(Source data begins)

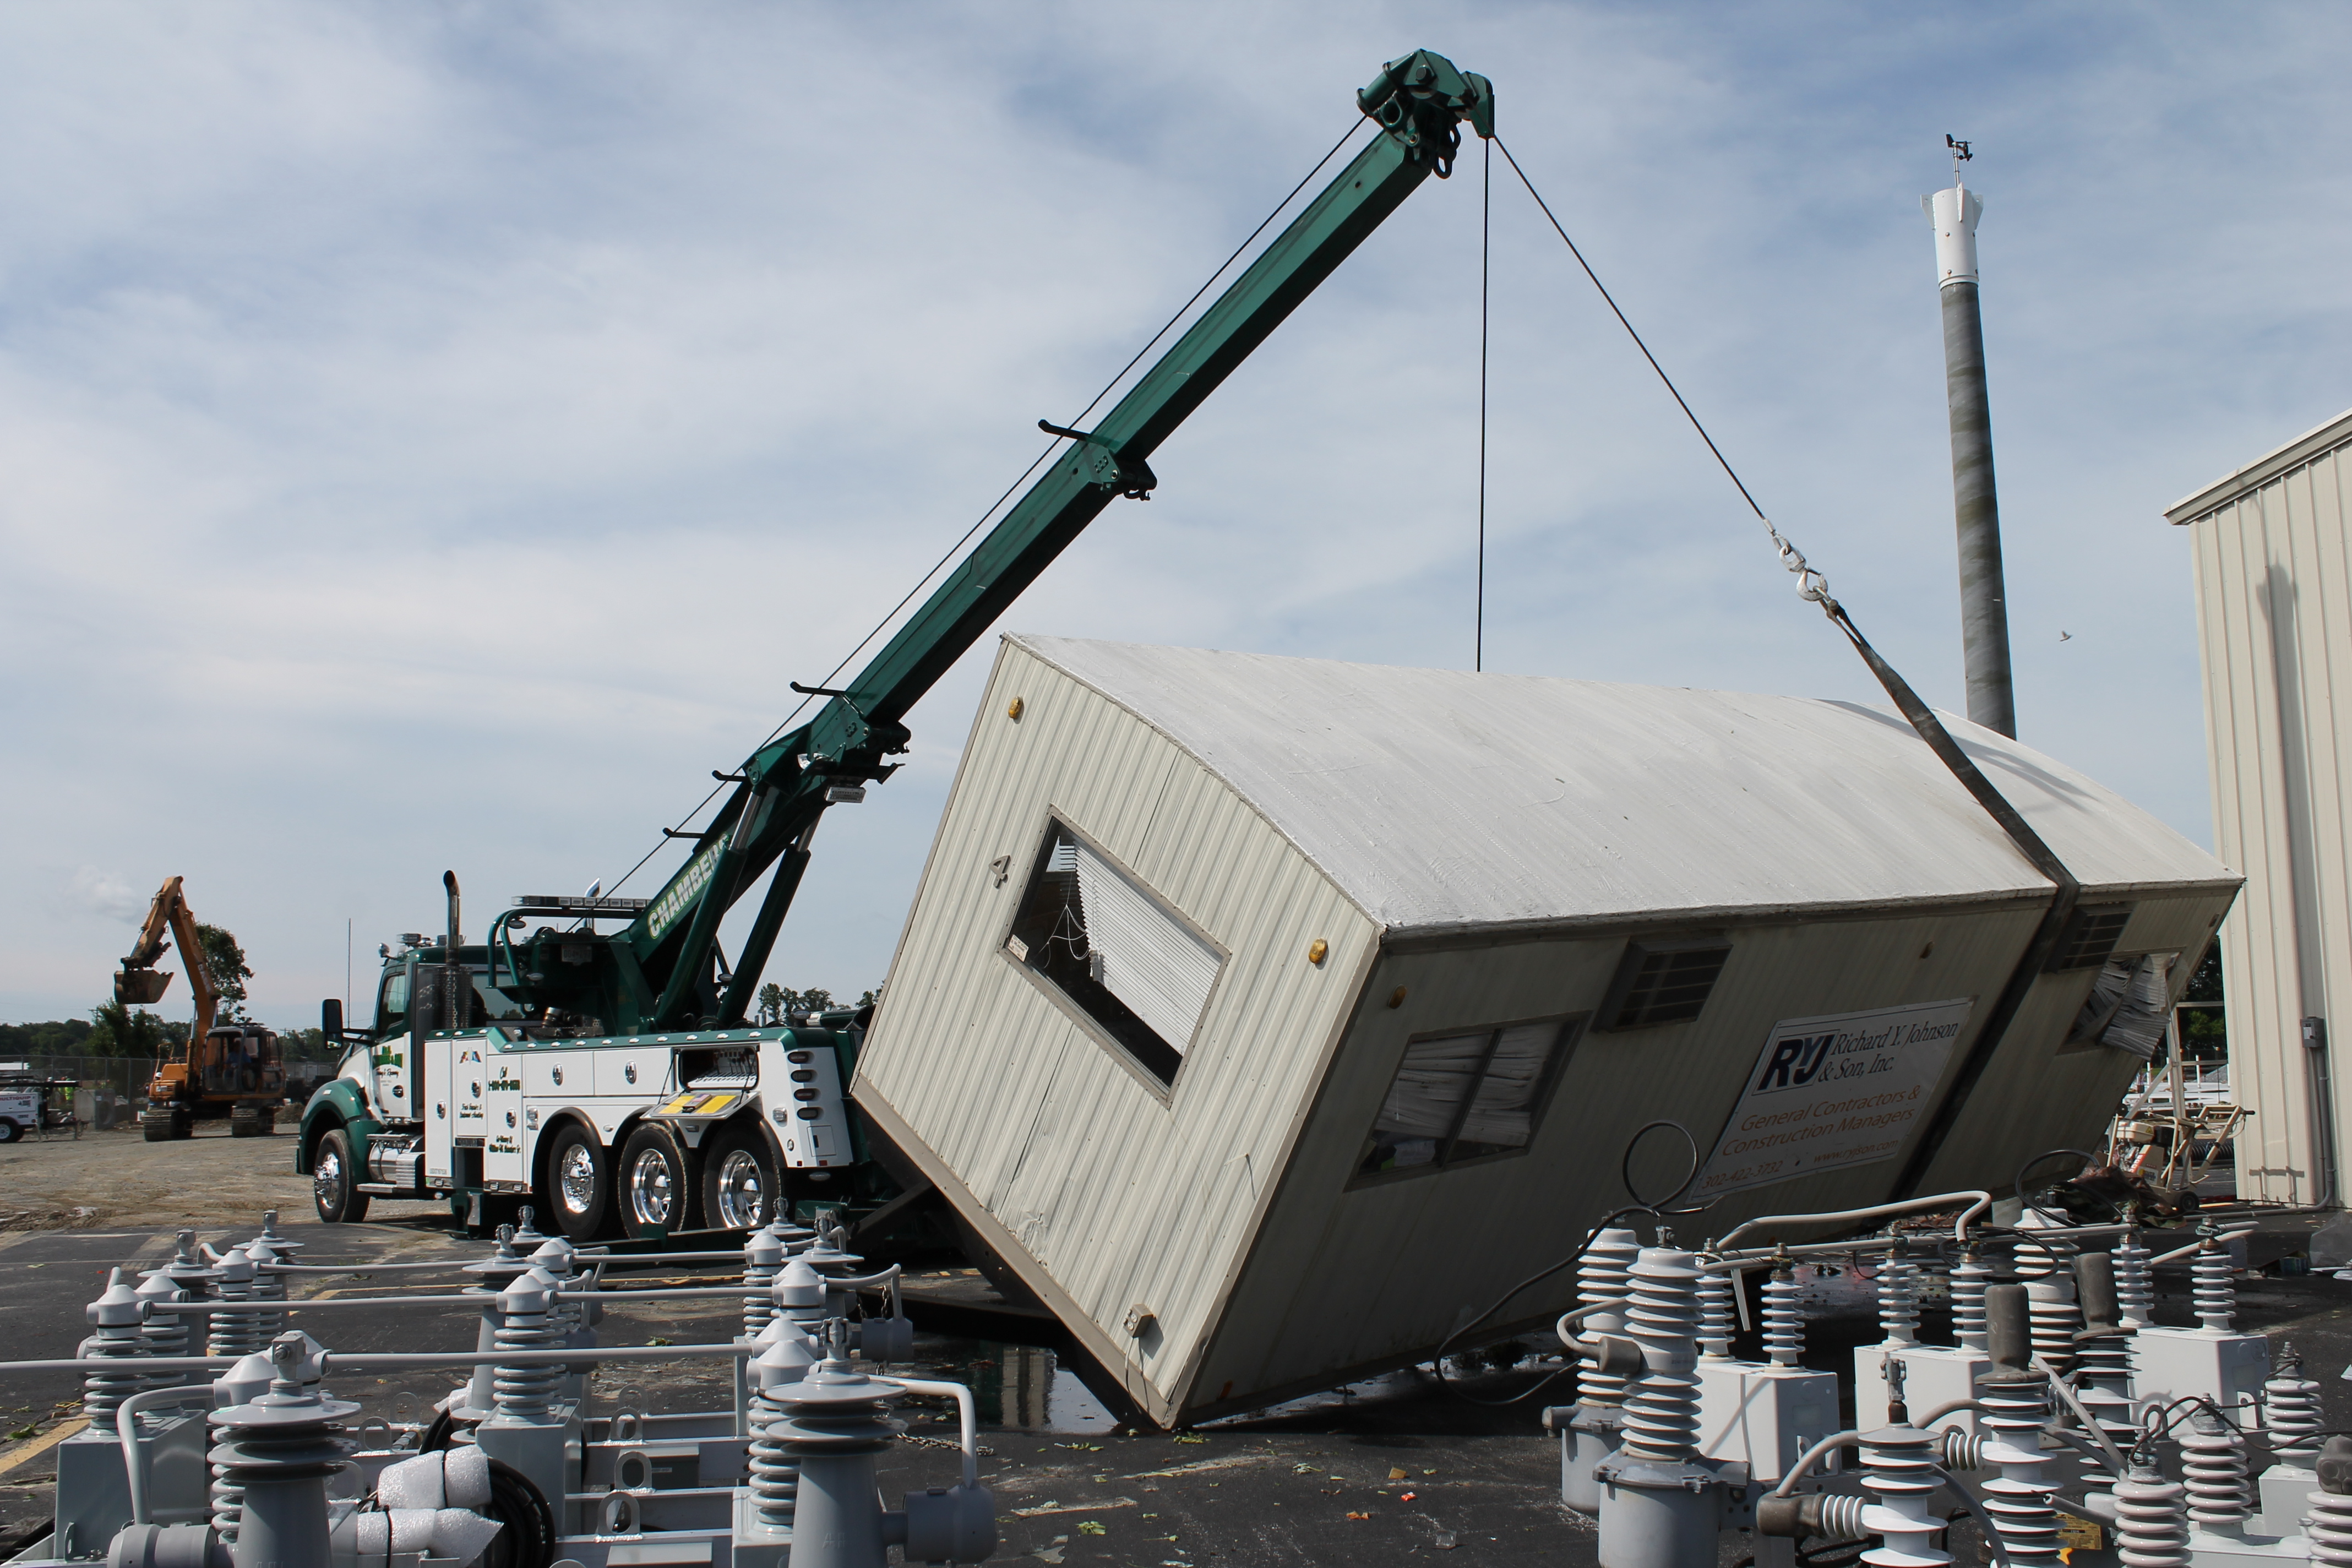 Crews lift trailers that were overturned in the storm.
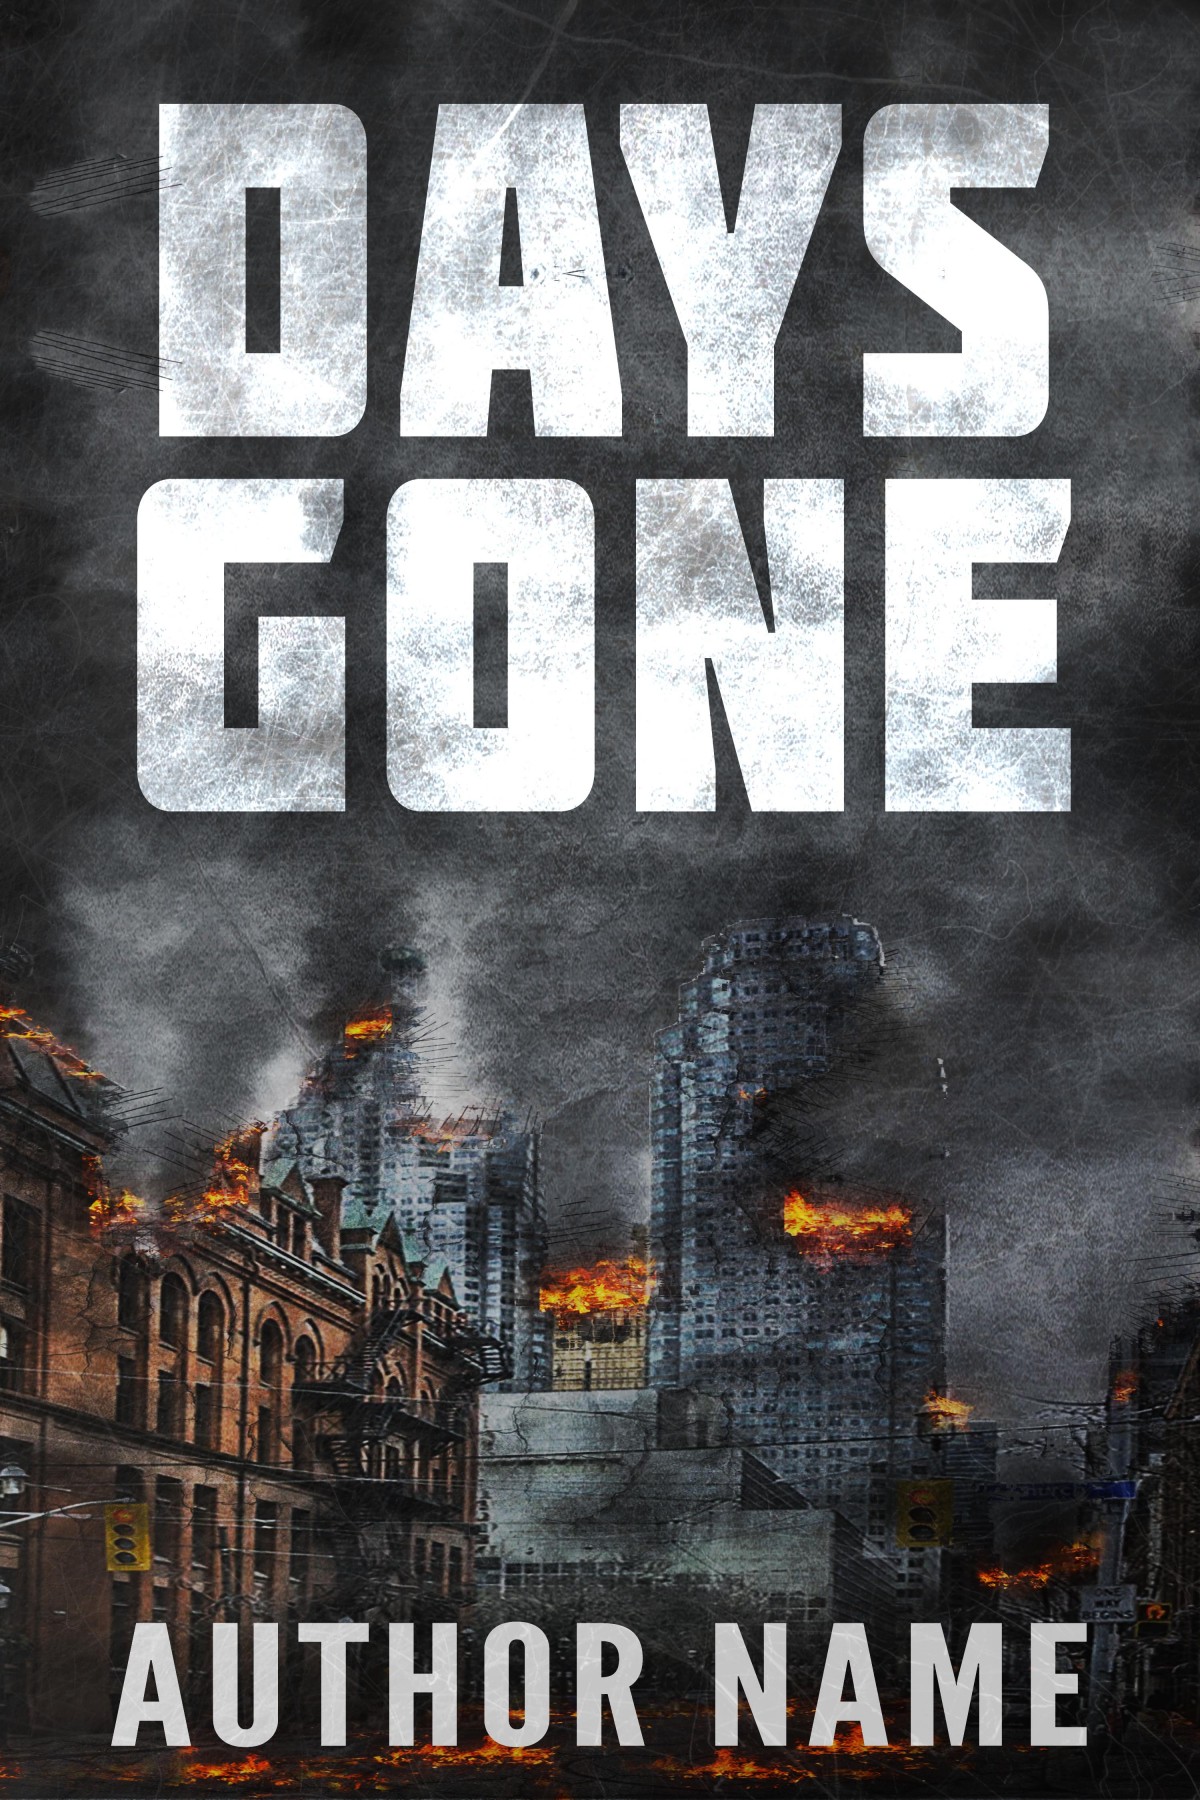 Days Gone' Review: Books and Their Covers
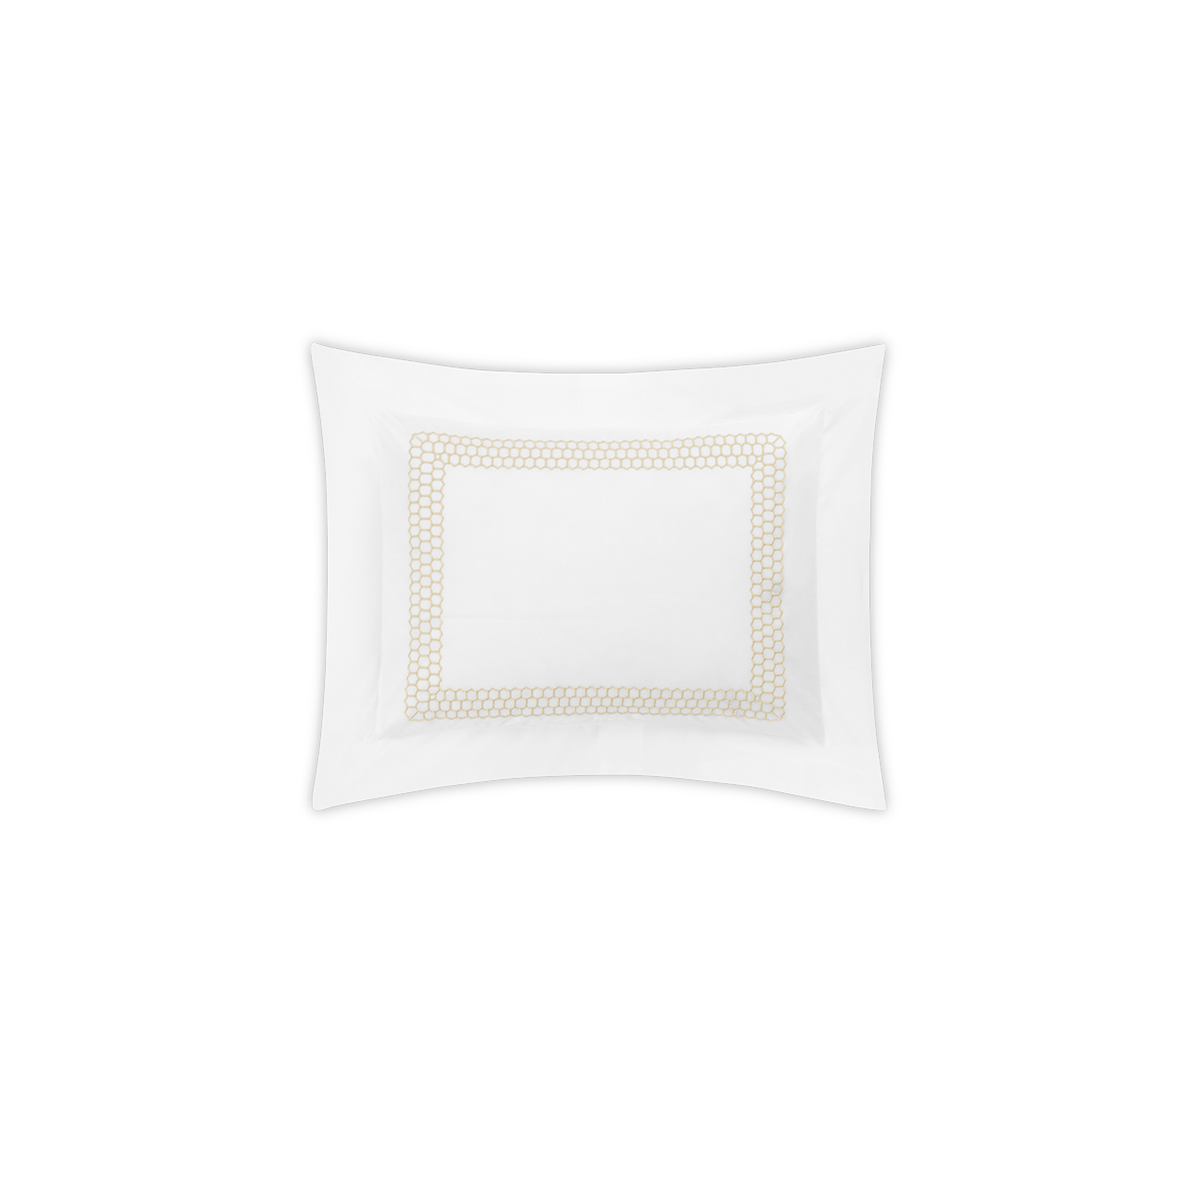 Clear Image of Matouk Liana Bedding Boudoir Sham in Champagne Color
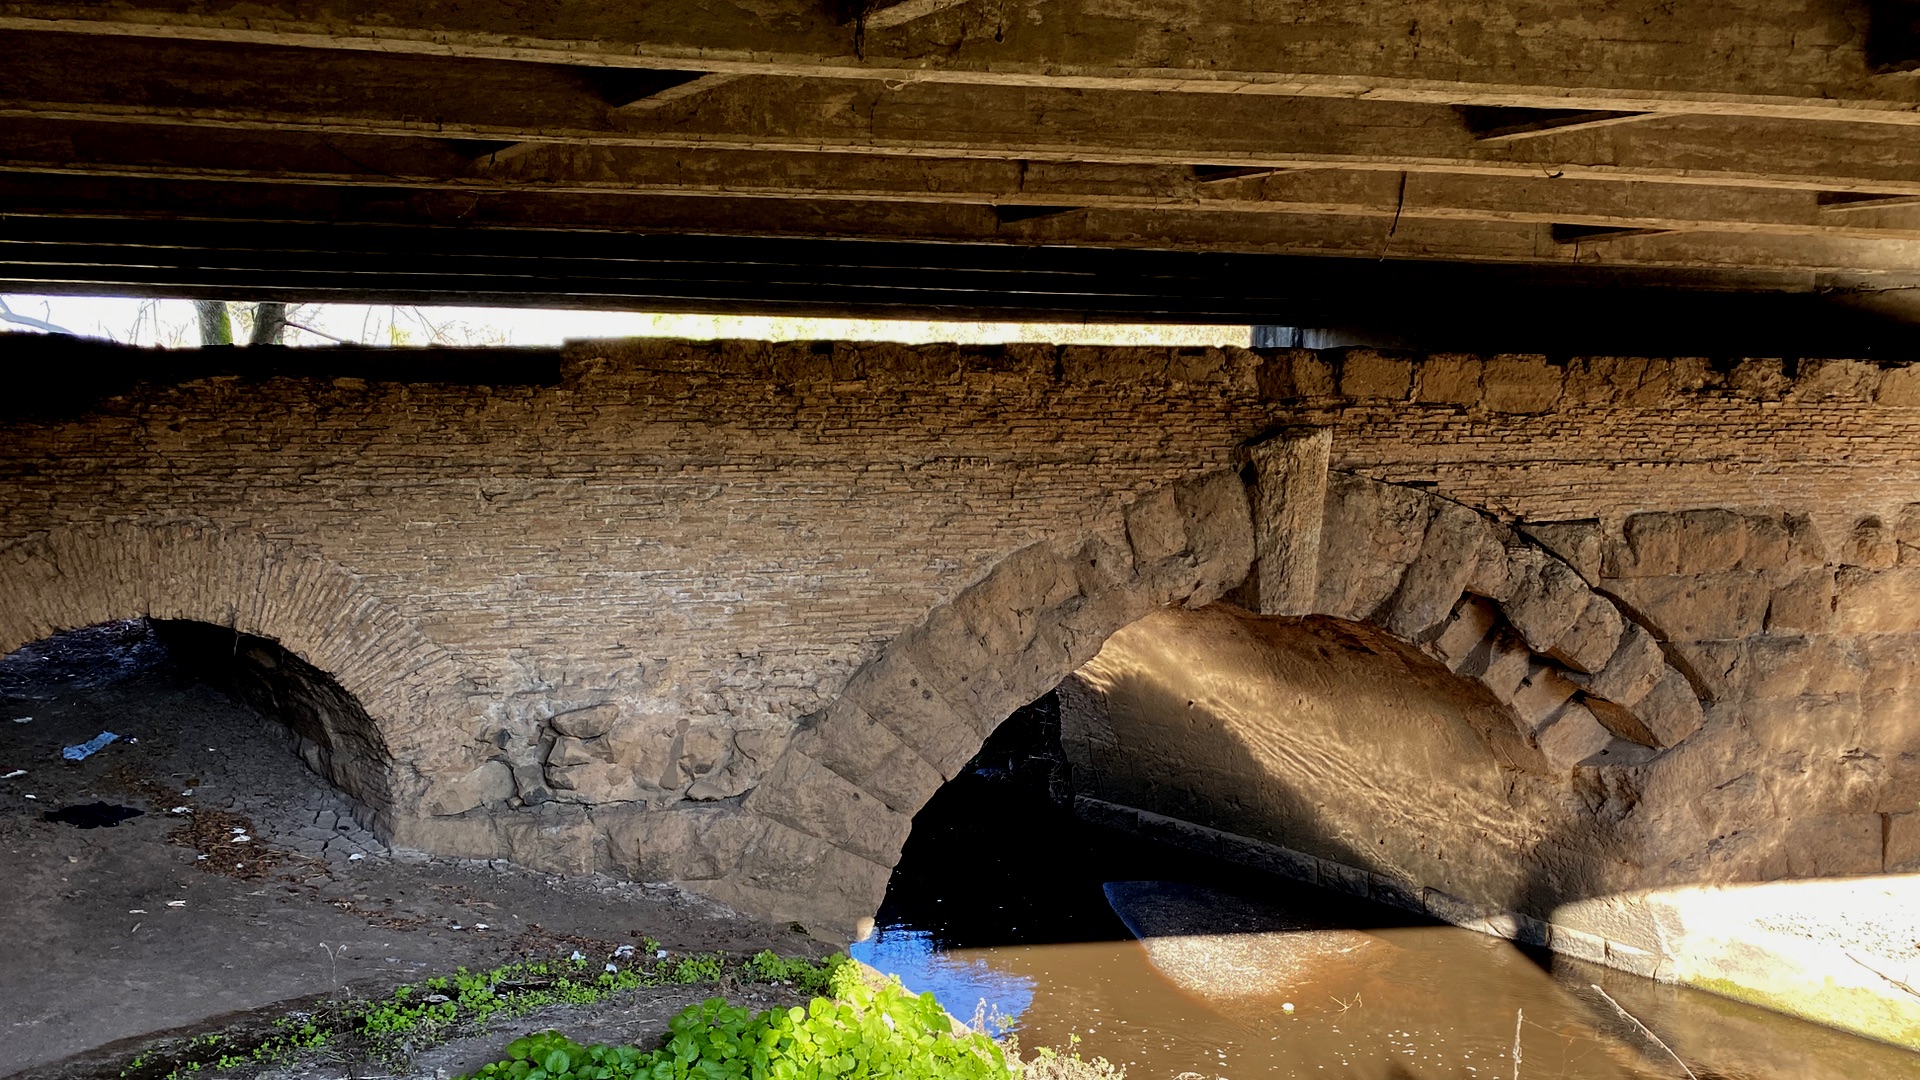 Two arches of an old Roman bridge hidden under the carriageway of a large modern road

(Source data ends)

Instructions to follow: The data above must be reproduced exactly, without any of its pictures.

Result for this exercise:
 Crews lift trailers that were overturned in the storm.
 Days Gone' Review: Books and Their Covers
 Clear Image of Matouk Liana Bedding Boudoir Sham in Champagne Color
 Two arches of an old Roman bridge hidden under the carriageway of a large modern road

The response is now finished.